World Trade Centre Kuala Lumpur, formerly known as Putra World Trade Centre (PWTC; ), is a convention and exhibition centre in Kuala Lumpur, Malaysia. The venue is sprawled over 1.70 million square feet with 235,000 square feet of exhibition space.

It is Malaysia's historical convention centre and the preferred venue for local and international conventions, concerts, weddings, including small events like seminar, training, and meetings.

Construction commenced in 1981 and was completed in 1984. The building was officially opened on 26 September 1985. Before the PWTC, the area was the venue of the first and subsequent annual UMNO General Assemblies.

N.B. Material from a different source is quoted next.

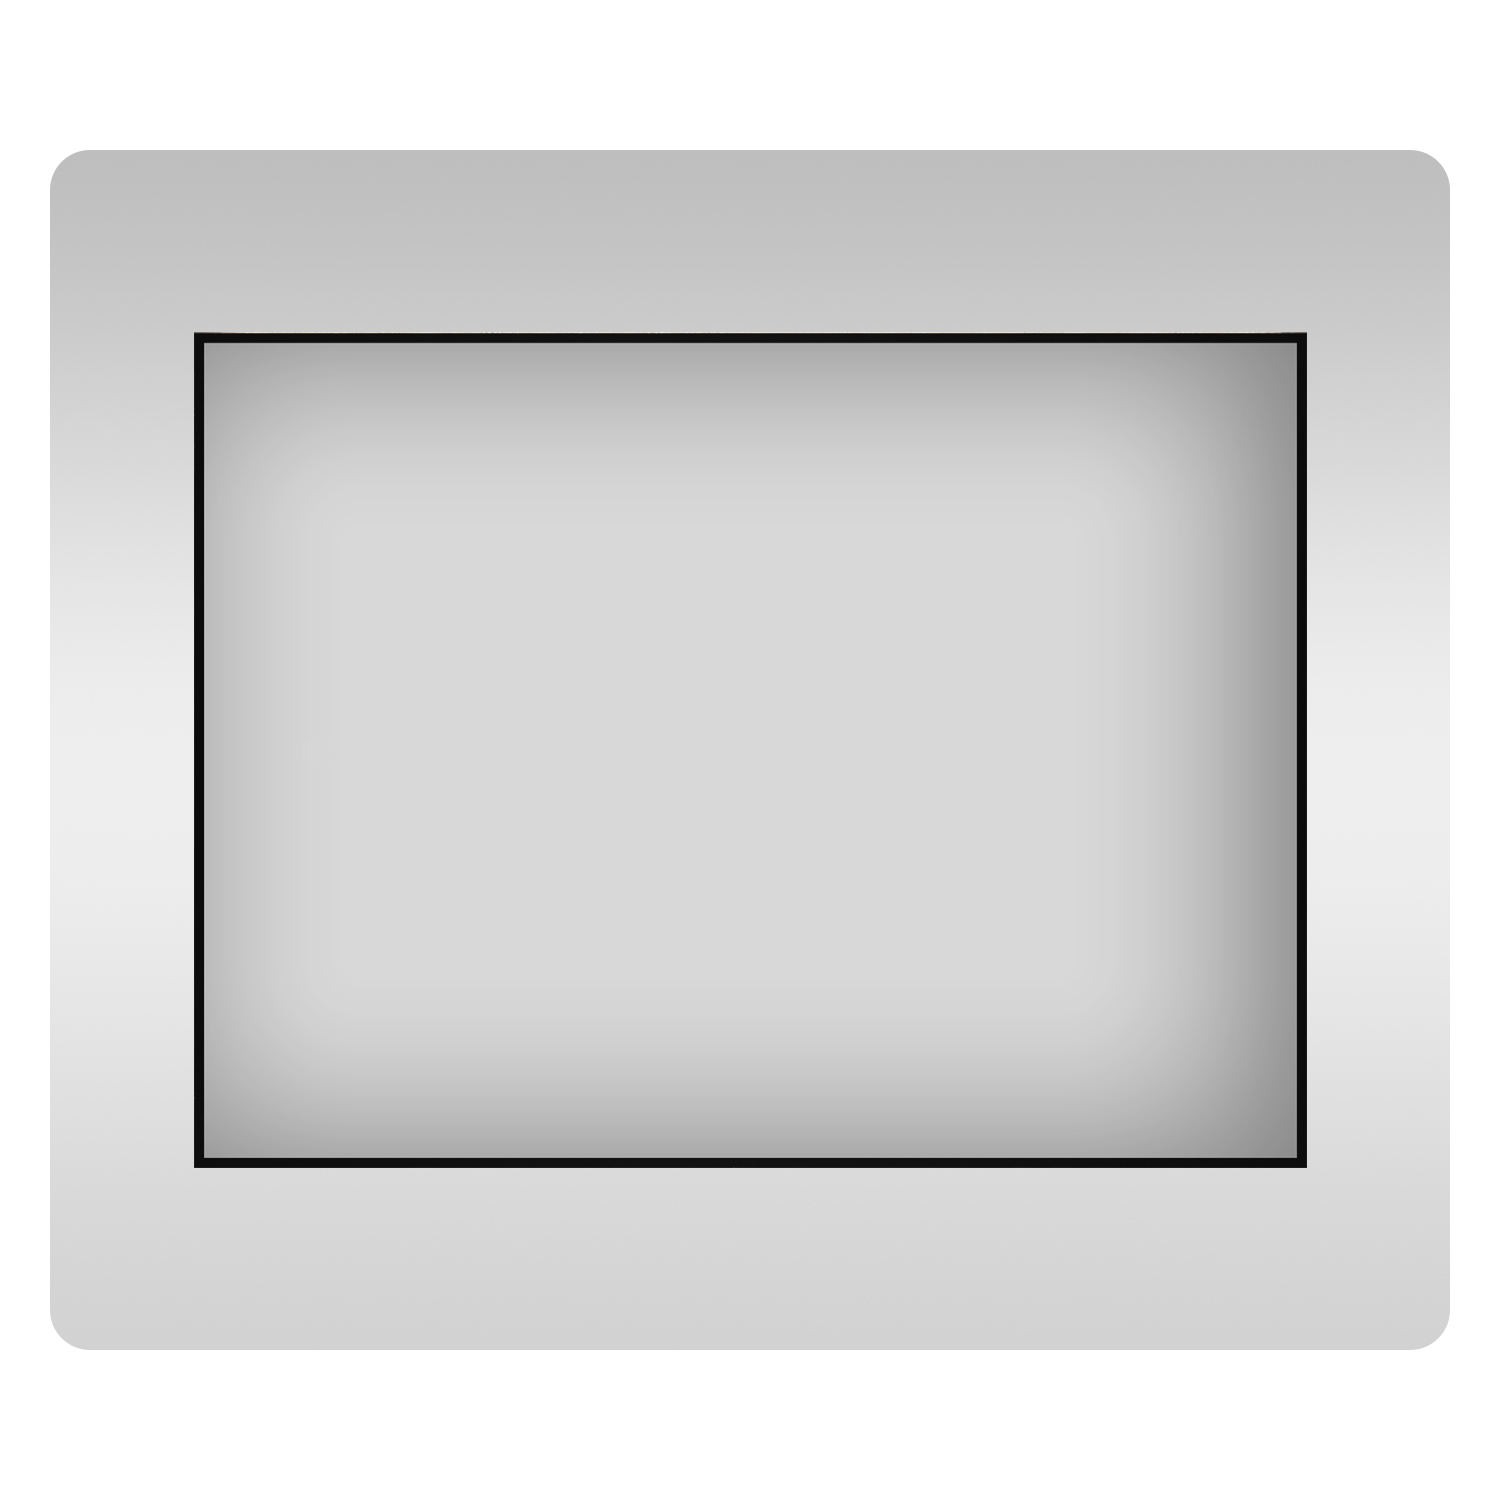 Влагостойкое прямоугольное зеркало Wellsee 7 Rays' Spectrum 172200610, 80х55 см зеркало mixline эльза 80х55 сенсор подсветка с увеличением 4630104801423
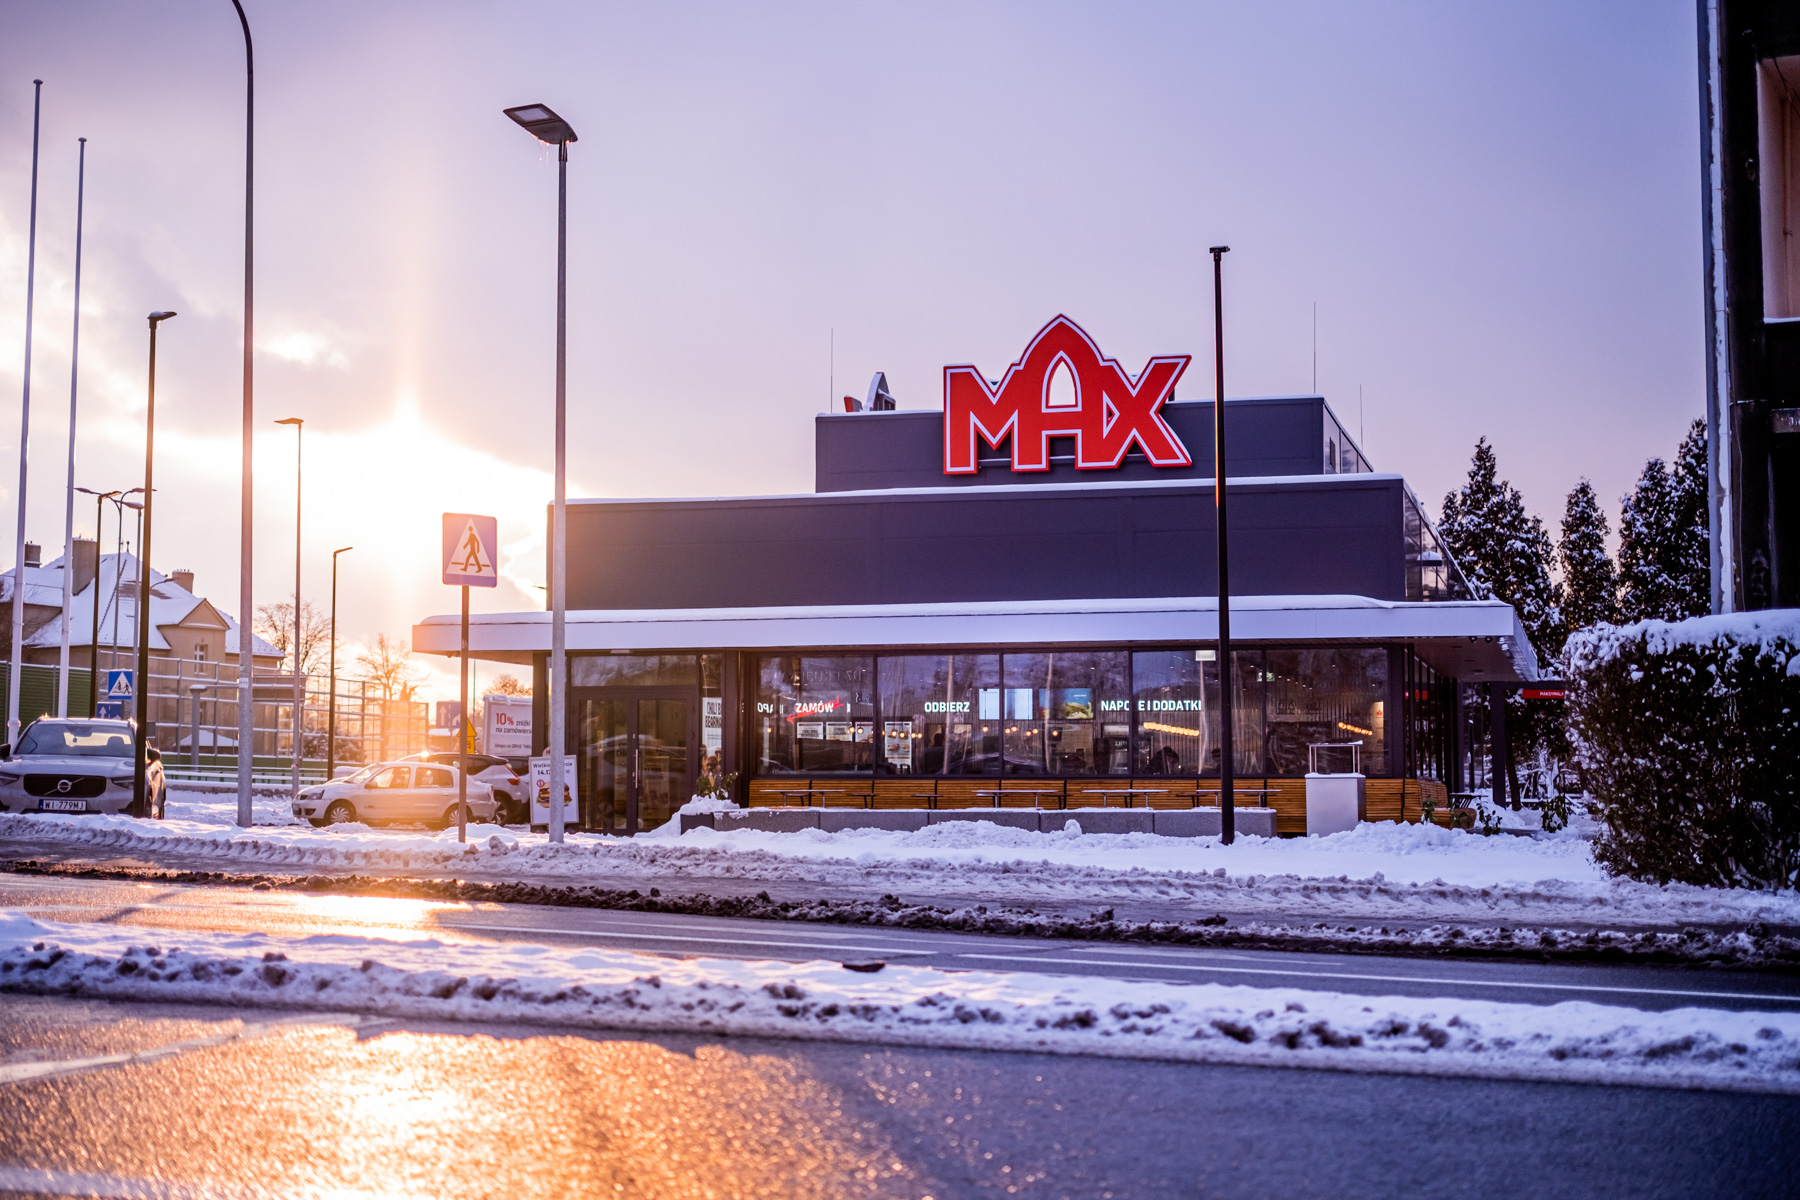 Images MAX Premium Burgers

This building is also used for the International Quran Reading Competition every year, since it was moved from Stadium Merdeka in 1985.

Location and access
WTC KL is located in the Chow Kit/Jalan Putra ward in the north-western corner of downtown Kuala Lumpur. It is next to Jalan Putra's interchange with Jalan Tun Ismail and is within walking distance of several hotels such as the Seri Pacific Hotel Kuala Lumpur, Sunway Putra Hotel, Dynasty Hotel Kuala Lumpur, and Sheraton Imperial Hotel Kuala Lumpur. The confluence of the Batu and Gombak Rivers is located right behind the convention centre.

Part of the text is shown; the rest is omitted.